01 — At a Glance
The Company That Demerged Its Dreams, Kept The Land
- 52-Week High / Low₹126 / ₹74.9
- Q3 FY26 Revenue₹74.3 Cr
- Q3 FY26 PAT₹60.1 Cr
- EPS (Q3)₹2.34
- TTM EPS₹12.41
- Book Value / Share₹98.8
- Price to Book0.82x
- Debt / Equity0.00x (mostly)
- Net Worth (Sep 2025)₹2,535 Cr
- Total Assets (Sep 2025)₹2,727 Cr
Flash Summary: Alembic posted Q3 PAT of ₹60.1 crore at a ₹79.5 stock price, valuing it at just 6.4x TTM earnings. The company is practically debt-free, holds a ₹5,570 crore stake in Alembic Pharma (more than 2.7x its market cap), and still trades below book value. The only mystery: why hasn’t the market re-rated this yet? The answer: because the real estate business keeps confusing everyone.
02 — Introduction
Once Upon A Time: 118 Years, One Identity Crisis
Alembic Limited was born in 1907 — back when Indians were debating whether to wear a waistcoat or just go with dhotis. For over a century, it made pharmaceuticals. Then, in 2010, the board had a think-and-decided: “You know what? Let’s split the company. We’ll keep the holding company, the real estate, the windmills, and the APIs. The actual money-making pharma formulations? Let’s spin that into Alembic Pharma Ltd and keep 28% of it as a trophy.”
Today’s Alembic is that trophy holder. It’s a real estate developer with 102 acres of land in Vadodara (and some posh projects), a minority shareholder in a ₹6,800 crore pharmaceutical company, and a marginal API manufacturer on life support. The stock has returned -25% in one year, -5.74% in five years, and somehow still pays a 3% dividend. This is a company where every quarter feels like showing up to a family gathering where nobody agrees on anything, but everyone leaves happy because there’s free food.
The Plot Twist: Alembic’s 28.5% stake in Alembic Pharmaceuticals (APL) is now worth ₹5,570 crore. Alembic Ltd itself has a market cap of ₹2,041 crore. Mathematically, the market is saying: “Your real estate + APIs + 71.5% of APL holdings we don’t own = negative ₹3,529 crore.” Yes, negative. The market is literally charging you to own the non-APL parts. This is a conundrum wrapped in confusion inside an enigma.
03 — Business Model: WTF Do They Actually Sell?
Real Estate Delivered Dreams. APIs Deliver… Mixed Results.
Let’s split Alembic’s businesses. Revenue breakdown (FY25) tells the story: Real Estate is doing ₹80% of the work, APIs are barely 20%. But the PAT breakdown (profit after tax) reads like a financial thriller: real estate projects generate solid gross margins, but APIs operate on job-work margins that would make a supermarket jealous.
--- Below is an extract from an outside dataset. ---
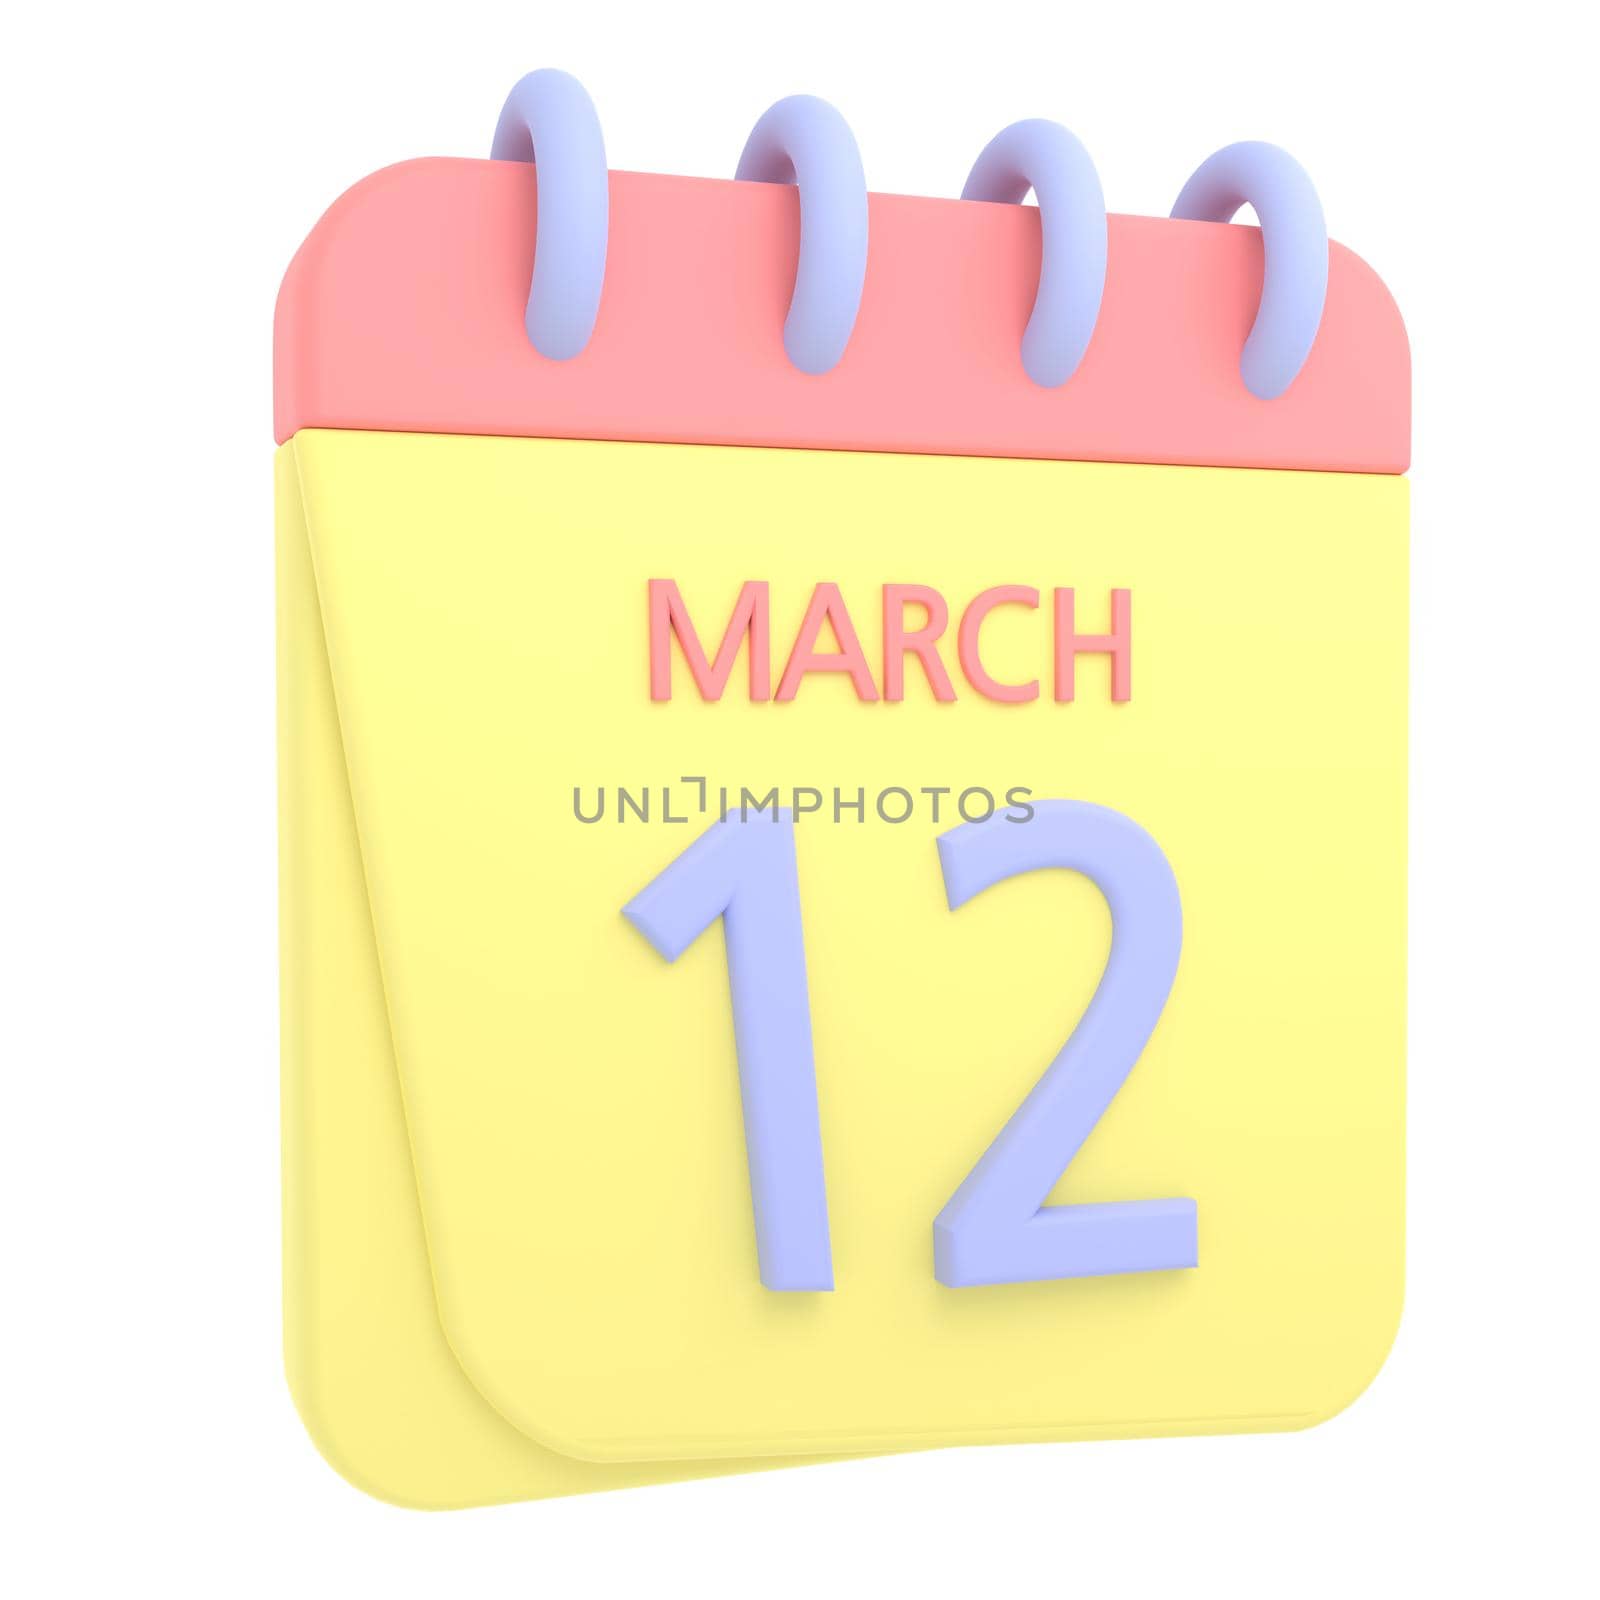 12th March 3D calendar icon. Web style. High resolution image. White background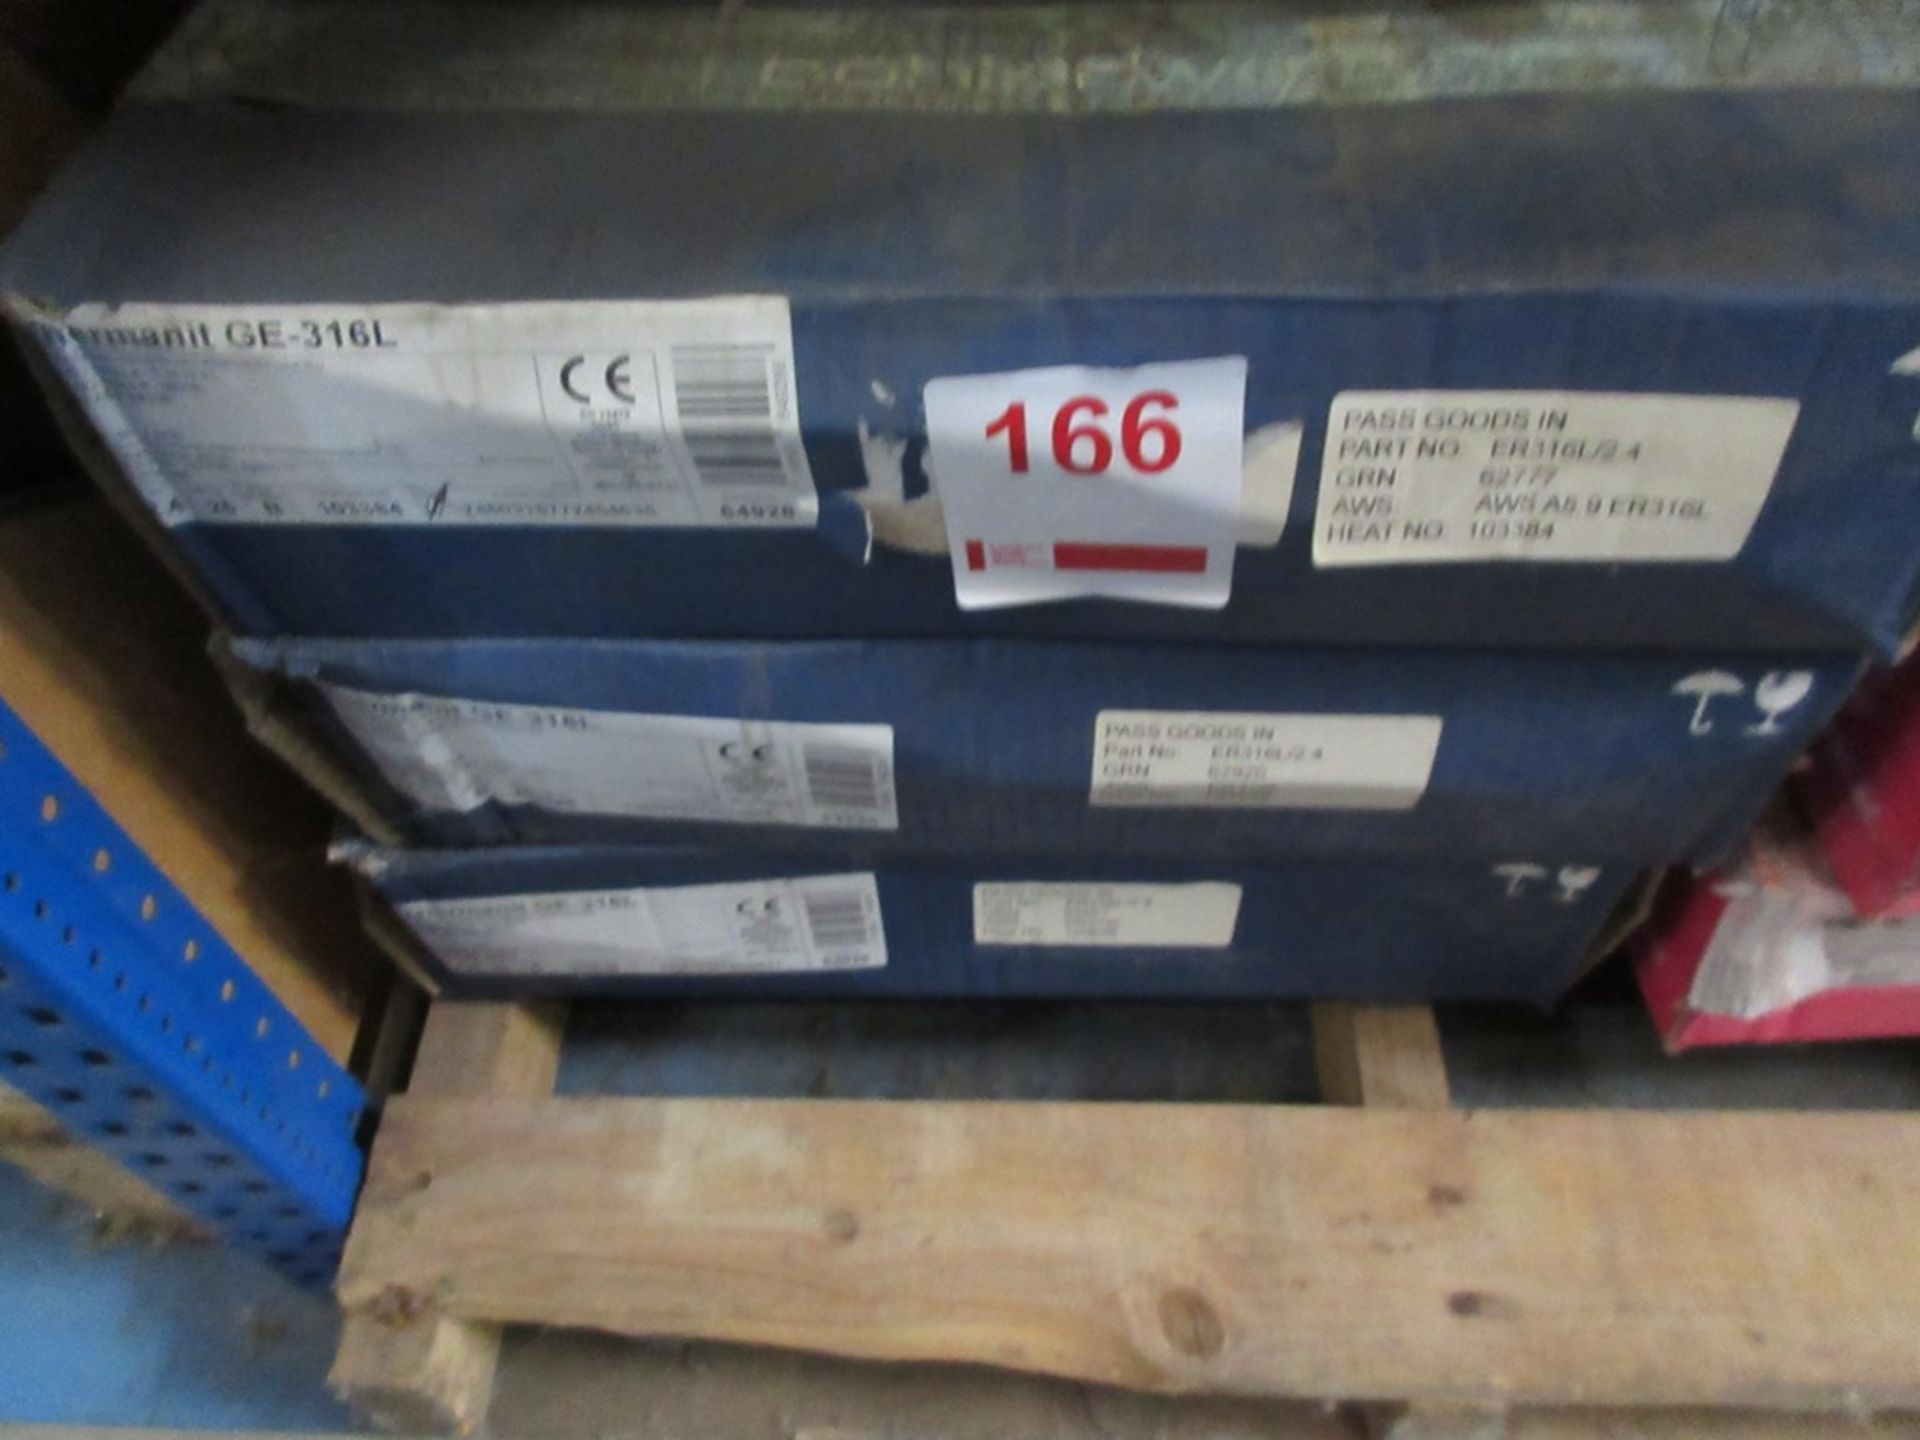 Three reels of Thermanit GE361L welding wire, part no. ER316L/2.4

The real estate segment includes four residential projects at various stages: Townhouse 24 (100% sold), The Villa (75% sold), The Garden (85% sold), and the newly launched Park Crescent. Plus, it’s leasing commercial office buildings in Vadodara’s Alembic City — a mixed-use development with art studios, restaurants, and museums. Yes, they have a museum. Because apparently, when you’re a conglomerate in crisis, you add a museum.
The API segment manufactures generic active pharmaceutical ingredients like Erythromycin Estolate and Fluoxetine — mostly on a job-work basis for group companies and other pharma players. Translation: low margins, low volume, low drama. It exists to use up the inherited manufacturing capacity and keep the cost accountant busy. The dividend income from APL stake (₹63 crore in FY25 alone) is the real profit machine, accounting for 23% of revenues but 40% of operating profit.
Real Estate80%of FY25 revenue
API Revenue₹32 CrFY25 segment
Dividend Income₹63 Crfrom APL (FY25)
Land Bank102 Acresin Vadodara
Fun Fact: The electricity duty litigation case from 2004 (yes, 2004) hangs over the company like a Bollywood villain. ₹35 crore deposited with the Supreme Court, ₹20.53 crore provisioned, and the appeal is still “admitted.” This is either the longest legal thriller or an omen. ICRA reaffirmed AA- (Stable) ratings in May 2025, noting the litigation as “monitorable.” Translation: we’re watching this like a Netflix series, but the ratings stay for now.